Но все-таки отличительной, особенностью города и в Византии являлось развитое ремесло. В XI-XII вв. провинциальные города переживали подъем: росло ремесленное производство, ширилась торговля, велось усиленное строительство. Как и между сельскими областями, между городами существовало своеобразное разделение труда: из Гардикии (Фессалия) везли плуги и телеги, из Спарты, Коринфа и Фив – шелка, из городов Киликии – одежду, а в Фессалонике старались нанять строителей.
*
Ремесленное производство было основано на ручном труде. В частной мастерской работали сам хозяин, члены его семьи, два наемных работника и мальчик-ученик. Относительно крупными являлись лишь государственные мастерские-эргастирии по выплавке металлов, изготовлению оружия и воинского снаряжения, дворцовой утвари, седел, сбруи и попон для императорских конюшен и коней дворцовых гвардейцев, "греческого огня" (горючей самовоспламеняющейся смеси, взятой на вооружение), ценных красителей, шелковых и парчовых тканей и т. д. Сохранилось описание ремесленников монетного эргастирия: это были одетые в отрепья, босые, покрытые сажей изможденные люди, опаленные огнем, с всклоченными волосами и затравленным взглядом. Свист бича здесь слышался особенно часто, надзор был особенно строг. Более всего именно в государственных мастерских даже в XII столетии применялся труд рабов.

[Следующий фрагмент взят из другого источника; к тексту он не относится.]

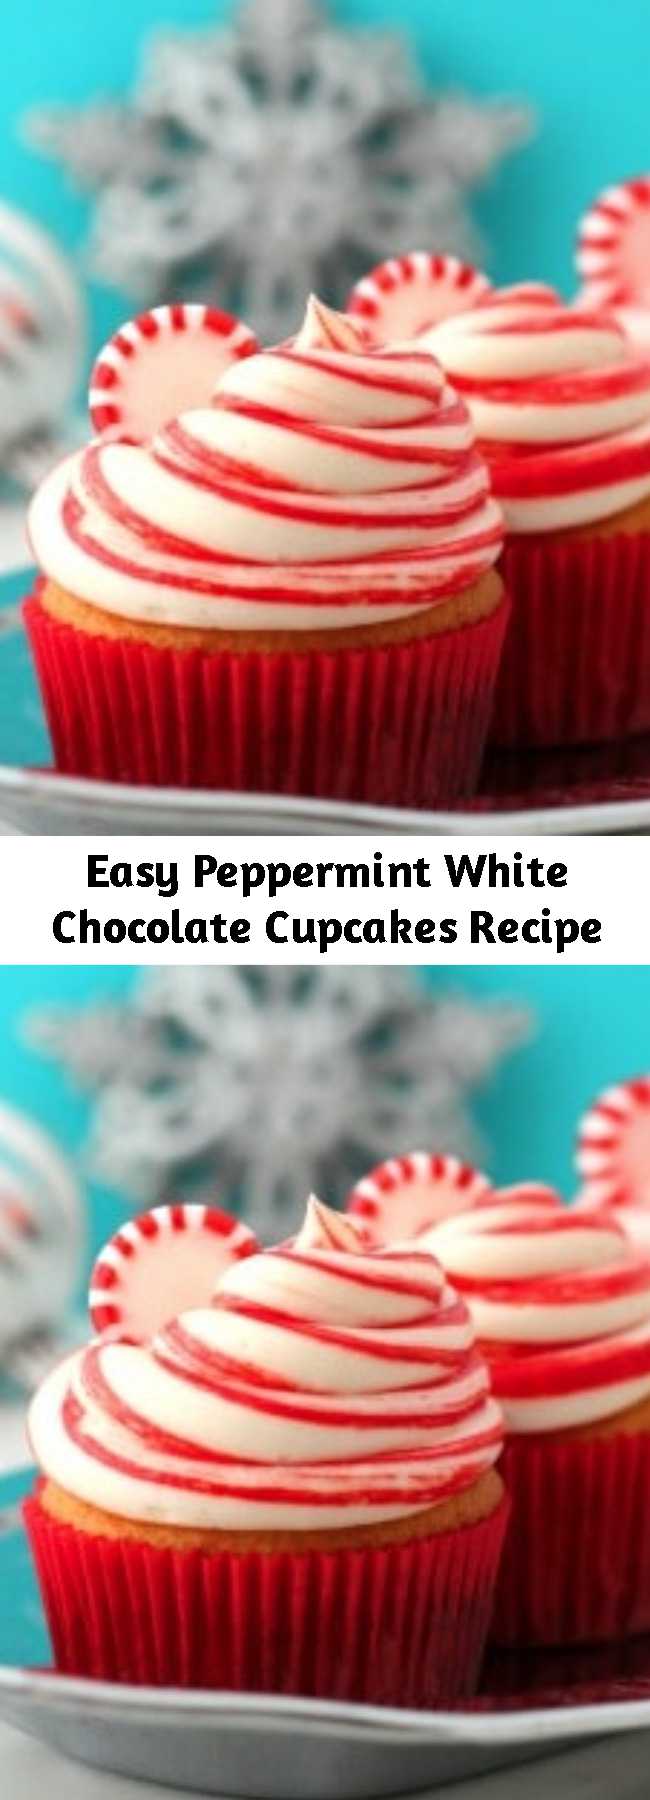 Easy Peppermint White Chocolate Cupcakes Recipe - Made with a base of boxed cake mix (and added melted white chocolate), these Peppermint White Chocolate Cupcakes are super easy to create! The peppermint frosting has red food coloring stripes to make them look like candy canes - so cute!

Ремесленники и торговцы не только Константинополя, но, вероятно, и других крупных городов объединялись в корпорации – производственно-торговые союзы. Великое множество мастерских-лавок, принадлежавших членам таких корпораций, находилось в столице. К одной св. Софии было приписано властью императора до тысячи мастерских. Особенно много эргастириев размещалось на центральной улице (Месе). Ремесленники концентрировались по специальностям в разных кварталах: в одном – сапожники, в другом – свечники, в третьем – слесари и кузнецы, в четвертом – медники, в пятом – парфюмеры и т. д.

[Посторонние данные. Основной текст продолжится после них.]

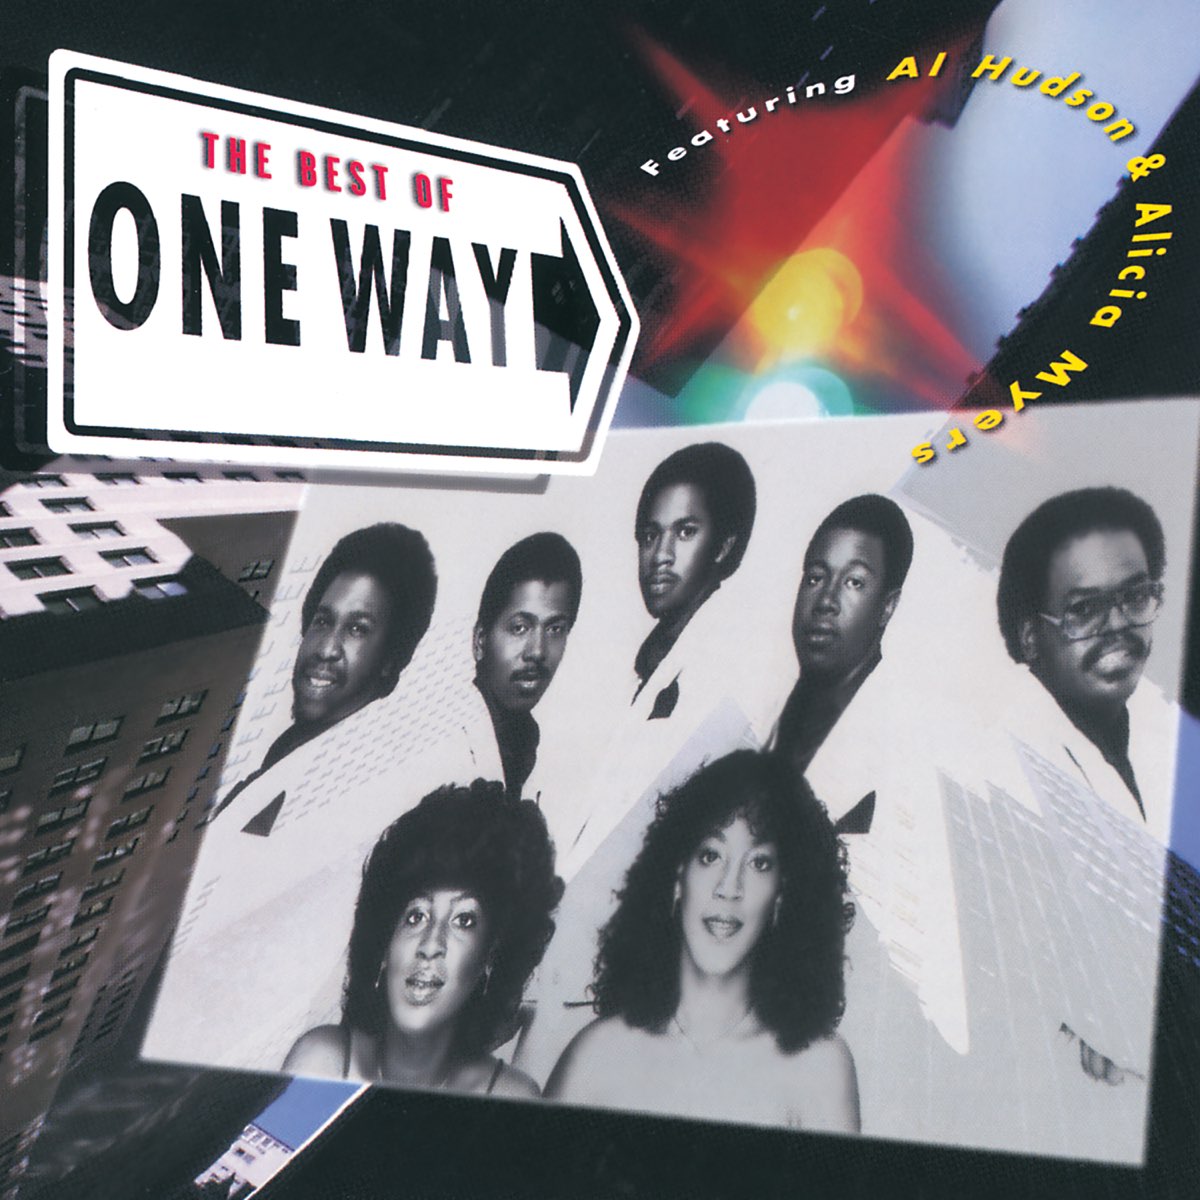 The Best of One Way - Album by One Way - Apple Music

Членами корпорации не могли быть бедняки, неспособные уплатить вступительный взнос властям города и коллегам по ремеслу и не обладавшие имущественным обеспечением, а также женщины, еретики, евреи (доступ в корпорации евреи получили лишь в середине XII в.), сквернословы, пьяницы и вообще неблагонадежные.

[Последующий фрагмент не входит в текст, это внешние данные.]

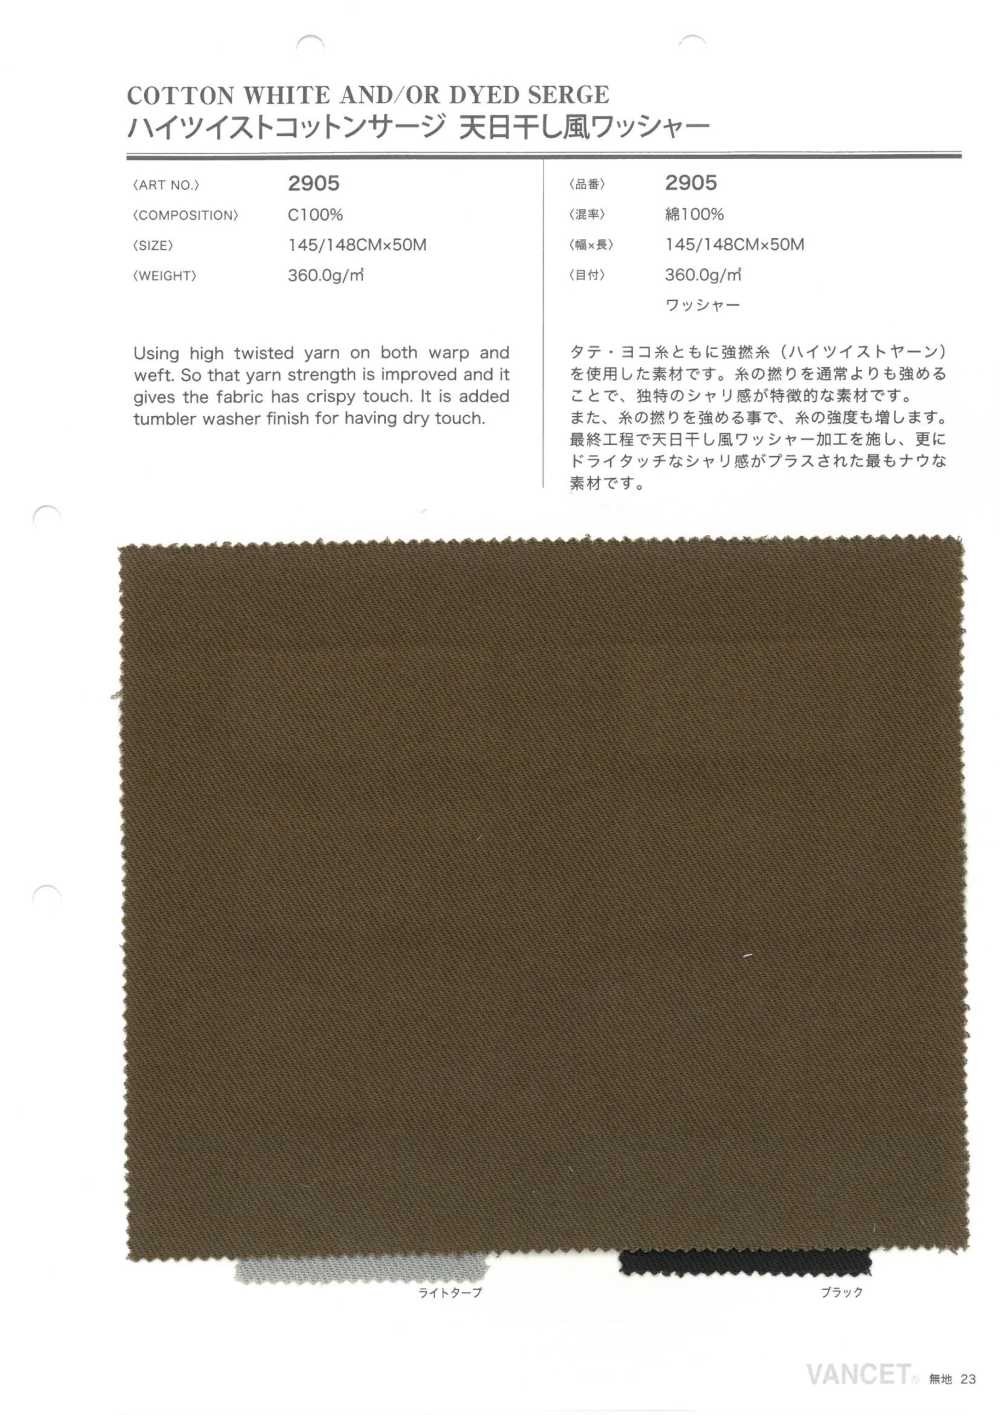 2905 High Twisted Cotton Serge Sun-dried Washer Processing[Textile / Fabric] VANCET

Помимо мастеров и торговцев, входивших в корпорации, было множество ремесленников, трудившихся не в мастерской, а в своем тесном жилище или по найму у более счастливого собрата по ремеслу. Мастер, нанявший специалиста или неквалифицированного мистия, стремился за ничтожную плату выжать из него все, что мог. Мистий в городе едва зарабатывал одну-две номисмы в месяц (288-576 фоллов), тогда как на полуголодное существование уходило в день до восьми-десяти фоллов. А если мистий питался у хозяина, то для семьи он получал на день не более трех фоллов. Власти запрещали мастерам сманивать мистиев друг у друга, платить им вперед более чем за 30 дней, а иногда и нанимать мистия вообще более чем на три месяца. Даже каменотес за свой каторжный труд получал около 20 фоллов в день, тогда как удачливый нищий собирал до 100.